You are viewing a plain text version of this content. The canonical link for it is here.
Posted to dev@directory.apache.org by Emmanuel Lécharny <el...@gmail.com> on 2012/11/26 16:03:33 UTC

Replication producer potential blocking issue, and a few improvement proposals

Hi,

so I spent the week-end reviewing the replication code in M8, and I
found a few area that can be improved, and a potentially serious problem
that needs to be fixed.

first of all, the few tests we conducted last week shown that
replication is working pretty well, *if* we have no communication loss
between the consumers and the server. We have some issues when a
consumer is disconnected and reconnected back (still have to investigate
this bug).

Otherwise, there are a few areas for improvement, but this is not urgent
- the journal does not have to be cleaned up entry by entry. This is an
extremely costly operation, requiring a lot of writes on disk. There is
a better way to manage the old elements : we can simply have a rotating
journal, and keep a current and an old journal. When the current journal
is full, it becomes the old journal, and the old journal is simply deleted.
- I think having one journal instead of having a journal per consumer is
a better idea.

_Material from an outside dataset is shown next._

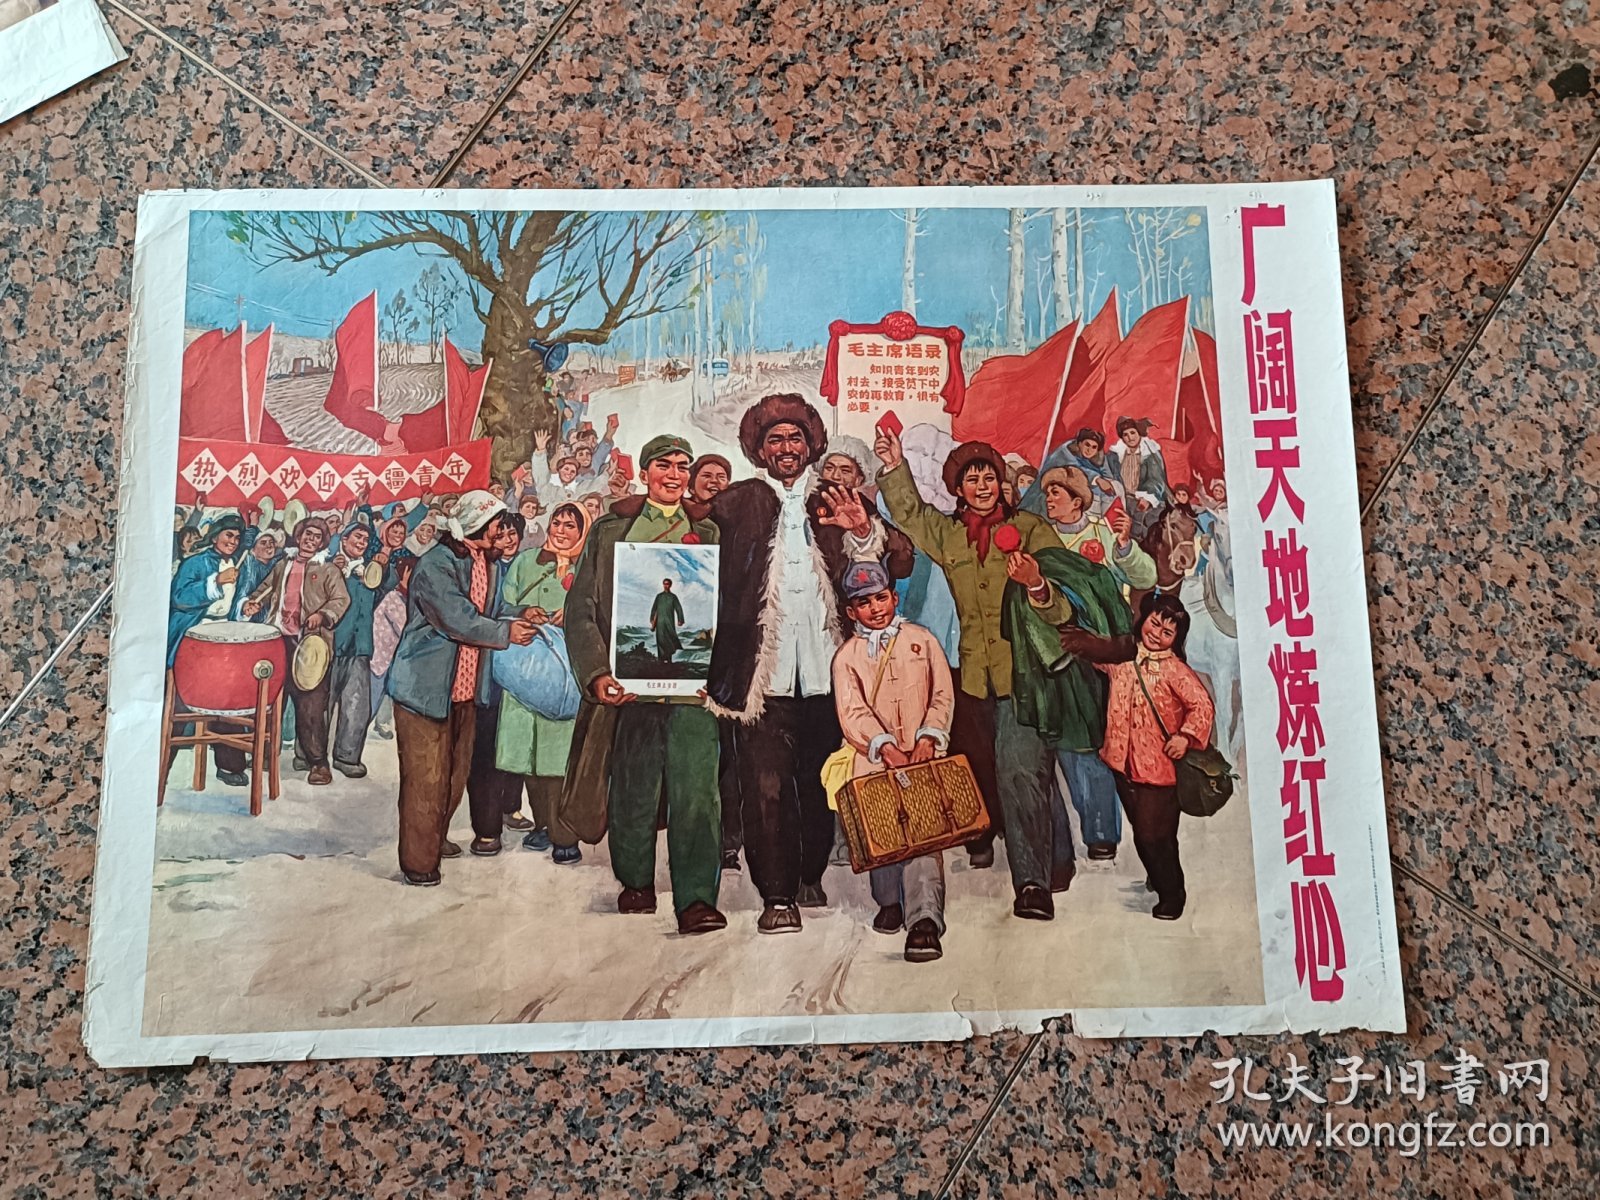 知新上2-16、知青题材-广阔天地练红心，上海市出版革命组.1970年8月1版3印。规格2开，9品。

This worth being discussed for a future implementation,
but right now, I'm fine with the one- consumer/one journal approach.
- The consumer RID should not be created by the producer. This is just
used by the consumer to distinguish between two different replication
configuration declared on the consumer. The producer does not have to
keep such information locally. That also mean we may have more than one
journal for a server, as we may declare more than one replication
consumer from a server A to a server B.
- More critical : the way the EventInterceptor is implemented, we have
no way to check the authorization. We must find a way to go through the
authorization interceptor in order to check that each entry is allowed
to be sent to a consumer.
- Another big issue : we don't filter the AttributeType we send to the
consumers, AFAICT

Now, the problem :
- As we depend on MINA 2 to send the entries to the consumers, we have
to be extremely careful when we do things like :

    private void sendResult( SearchResultEntry searchResultEntry, Entry
entry, EventType eventType,
        SyncStateValue syncStateValue )
    {
        searchResultEntry.addControl( syncStateValue );

        LOG.debug( "sending event {} of entry {}", eventType,
entry.getDn() );
        WriteFuture future = session.getIoSession().write(
searchResultEntry );

        // Now, send the entry to the consumer
        handleWriteFuture( future, entry, eventType );
    }

with :

    private void handleWriteFuture( WriteFuture future, Entry entry,
EventType event )
    {
        // Let the operation be executed.
        // Note : we wait 10 seconds max
        future.awaitUninterruptibly( 10000L );
       
        if ( !future.isWritten() )
        {
            LOG.error( "Failed to write to the consumer {} during the
event {} on entry {}", new Object[] {
                           consumerMsgLog.getId(), event, entry.getDn() } );
            LOG.error( "", future.getException() );

            // set realtime push to false, will be set back to true when
the client
            // comes back and sends another request this flag will be
set to true
            pushInRealTime = false;
        }
        else
        {
            try
            {
                // if successful update the last sent CSN
                consumerMsgLog.setLastSentCsn( entry.get(
SchemaConstants.ENTRY_CSN_AT ).getString() );
            }
            catch( Exception e )
            {
                //should never happen
                LOG.error( "No entry CSN attribute found", e );
            }
        }
    }

If the consumer is disconnected, the current thread will be blocked for
up to 10 seconds (that in the case the consumer wasn't gracefully
disconnected...). For 10 seconds, the current thread will just do
nothing but wait. We don't have hundreds of threads, at some point, this
can become problematic...

The best way to fix that would be to have a separated thread per
consumer, and to use a queue where the events are pushed, quueue that
will be read by the consumer's thread. As we have a queue in the middle,
and a thread per consumer, we can guarantee that handling a modification
is done fast enough on the local server, and propagated efficiently, or
that the consumer's disconnection will be handled without blocking any
server's thread.

I'm continuing my investigations !

-- 
Regards,
Cordialement,
Emmanuel Lécharny
www.iktek.com